At 2 p.m., the city would kick off the parade, and as the floats drove south on Michigan Avenue, every tree, shrub, light post and facade on the Magnificent Mile would burst into thousands of electric colors. The tiny light bulbs had been especially designed just for the city of Chicago at Mayor Amadeo’s request. To the children, the sparkling lights were like a drug. For the parents, they were a touch of nostalgia. And for us in the OLF, they were the perfect stage for our one-act.
We met our university group at the arches of Tribune Tower
.
“Ah, there you are. We’re just waiting for a couple more people,” said the tour leader. She was a tall redhead, earnest, devoid of irony. Her T-shirt read “Wildcat Club: Parade of Lights Realness 2013.” She led our school’s press club, which printed this sort of commemorative t-shirt of our club for this visit to the Parade was sponsored by the newspaper as a way to recruit students. Our tour of the tower would give us a very exclusive view of the parade while we networked with recruiters.
She didn’t know that Dennis and I were part of the OLF.
My phone buzzed in my pocket. I glanced at the notification. It was from José María. I ignored it.
We rode up the elevator banks in two separate groups, since there were about twenty of us. The smells and sights of all those faces, all of those beating hearts making music, made me grit my teeth. I heard them loud and clear, and the flow of blood in their veins made a bubbling noise that turned my stomach. I wanted to cup my ears with my hands, but I knew I had to feign some normalcy. I caught my reflection in the polished brass interior of the elevator: my second face, its lines smooth, its brow clear.

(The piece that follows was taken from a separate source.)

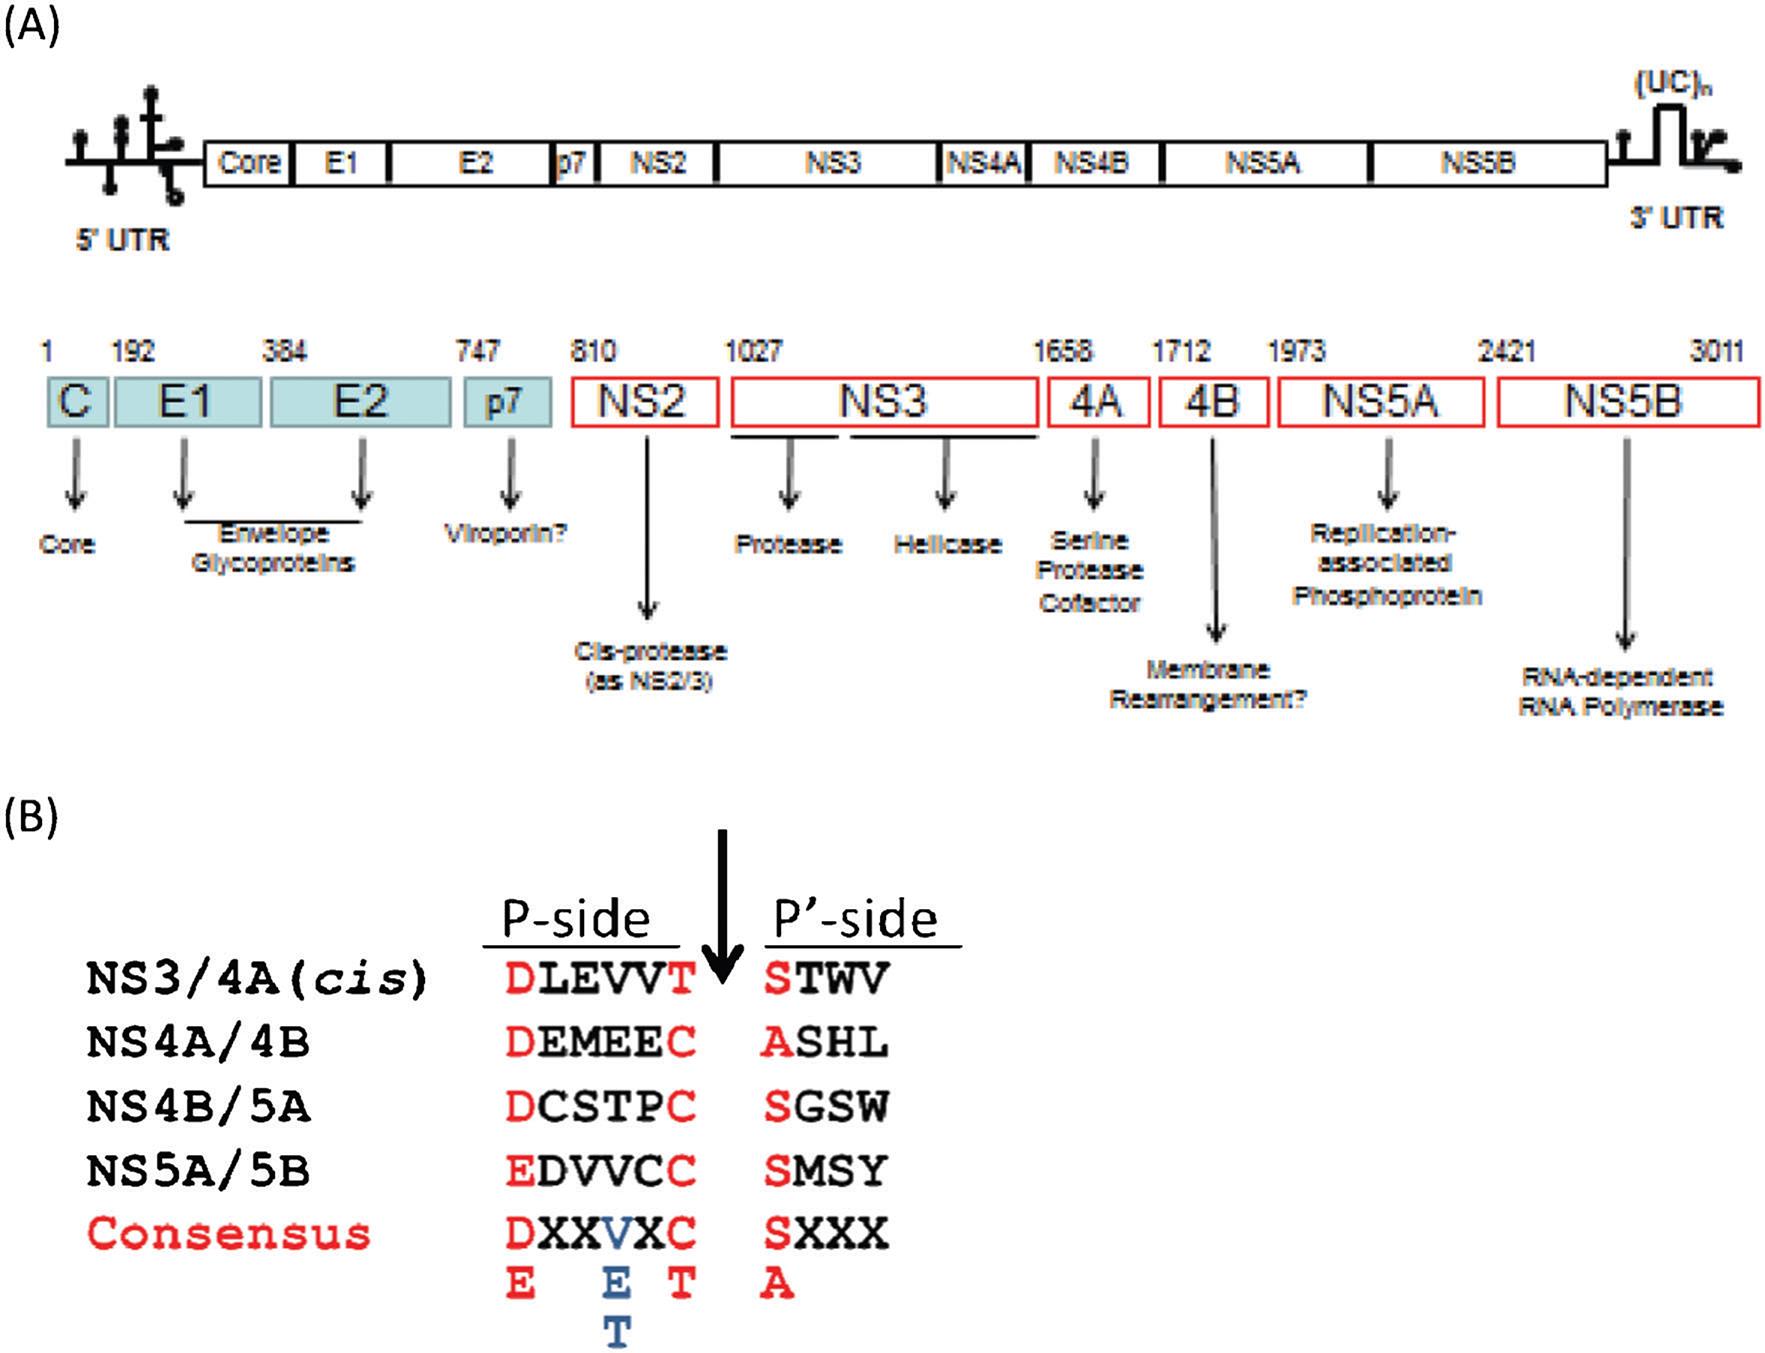 HCV genome organization and biological functions
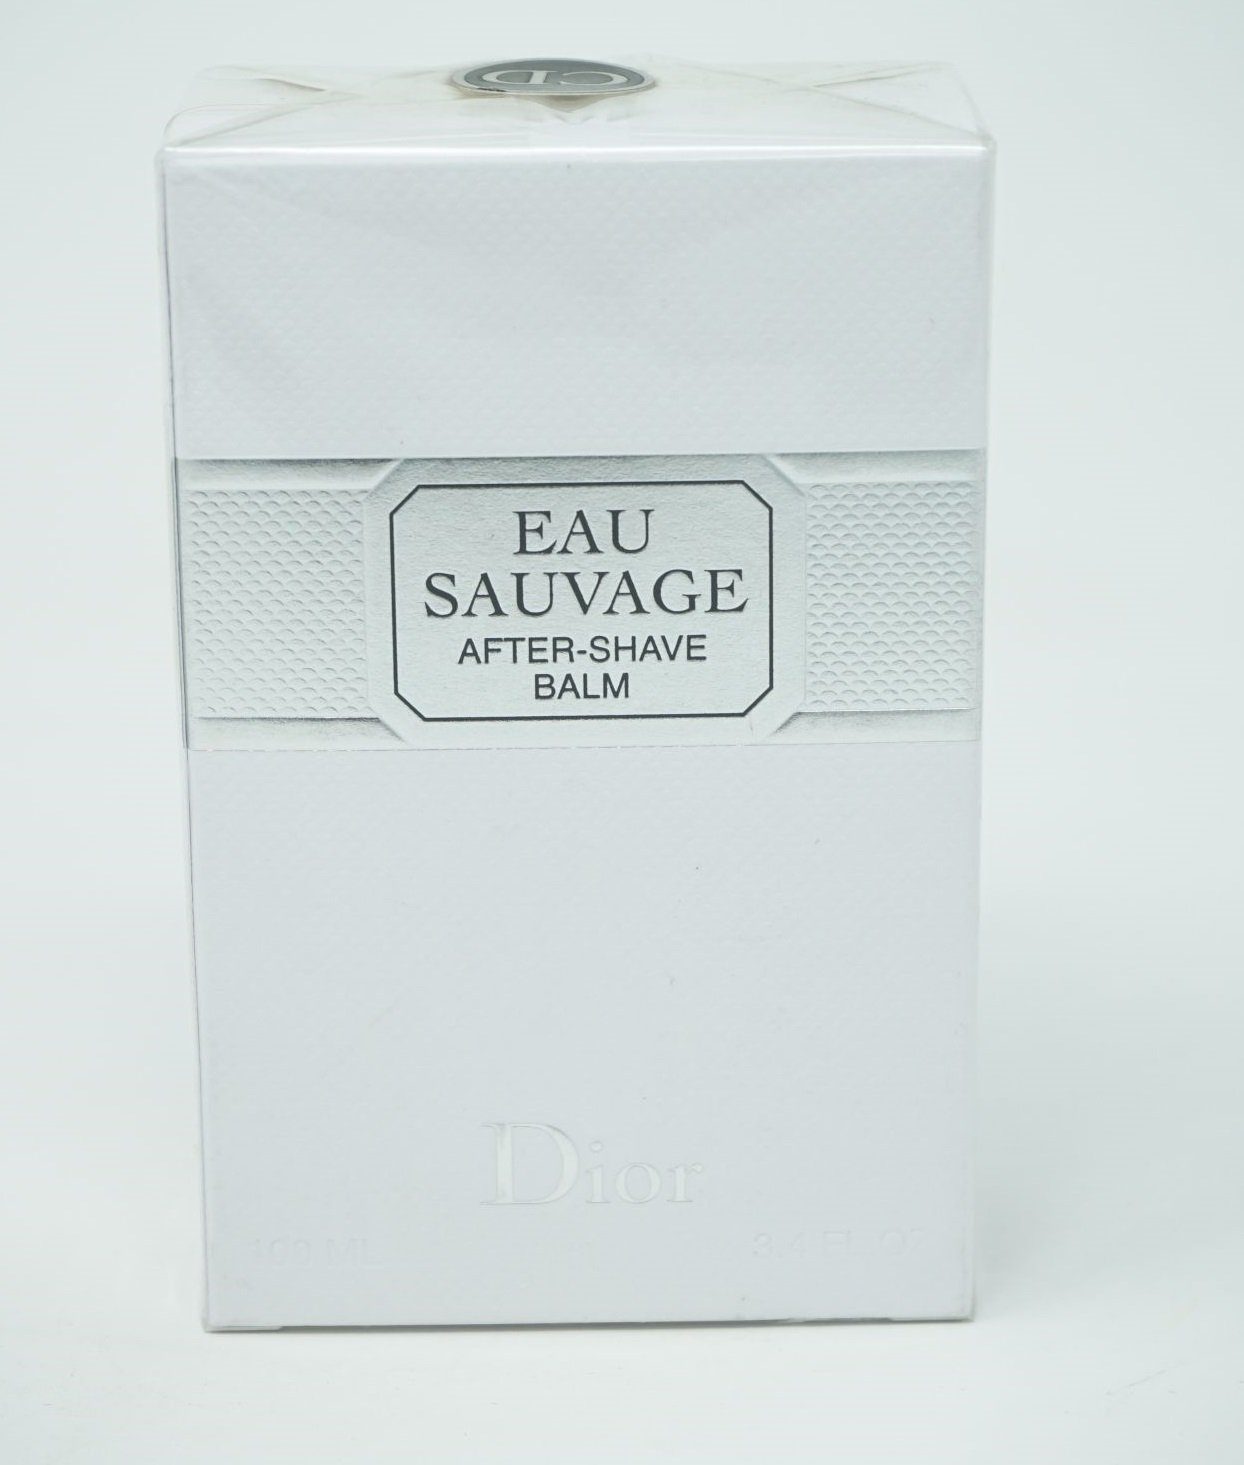 Shave After Sauvage 100 ml Christian Eau Dior Balsam Dior Balm After-Shave

We rose, and the yellow plastic numbers lit up one at a time, signaling our ascent through the levels. Those buttons were perfect little circles, machine-made. I relished the beauty of their curves and the soft yellow light behind each number.
My face insisted on staring back at me in the gold surface of that elevator.
I no longer cursed that strange face the plastic surgeons had given me. I was okay with it. It was a mask of sorts, and it occurred to me that many of the students in this tour might have recognized me from the Millennium Riot if I didn’t have this mask keep me hidden.
Perhaps something good had come out of the riot.
We poured out on the 35
th
floor, where the executive suite was located. We entered a room furnished in red leather, lined with expensive bookcases and double doors that seemed to defy visitors, as if to keep them out.
But we were very welcome here.
“My name is Roger. I am the director of the Freedom Museum and Tribune Tower liaison,” said a voice at the end of the long room where we stood. Heads parted, and Roger, a thin black man in his forties, walked along the massive windows that overlooked Michigan Avenue.
“We’re glad to have visitors like you today. You’ll have the best view of the Parade of Lights. Better than anyone else, in fact. Something to really brag about.”
Our university (and in turn, our group) was full of overachievers, and I could see them salivate at the thought of making a connection here with the director, of one day working at the museum, or for Tribune Media.
Catering staff brought out coffee and snacks, and those of us closest to it flocked to the carts like flies on shit.
The director paused as he exited the room; his hand grazed me at the elbow.
“Nothing for you?” he said.
“Maybe later,” I said. “I’m just waiting for the parade.”
“Roger Washington.”
“Clara Montes; nice to meet you.”
“What is your major?”
“Political science.”
“Wonderful. We need more people like you in the world. We need that diversity.”
Something about Roger, his narrow, tailored suit, and his ease in a world of the privileged felt insincere to me. He sounded scripted, like an actor on a TV show. Anger rose in my throat.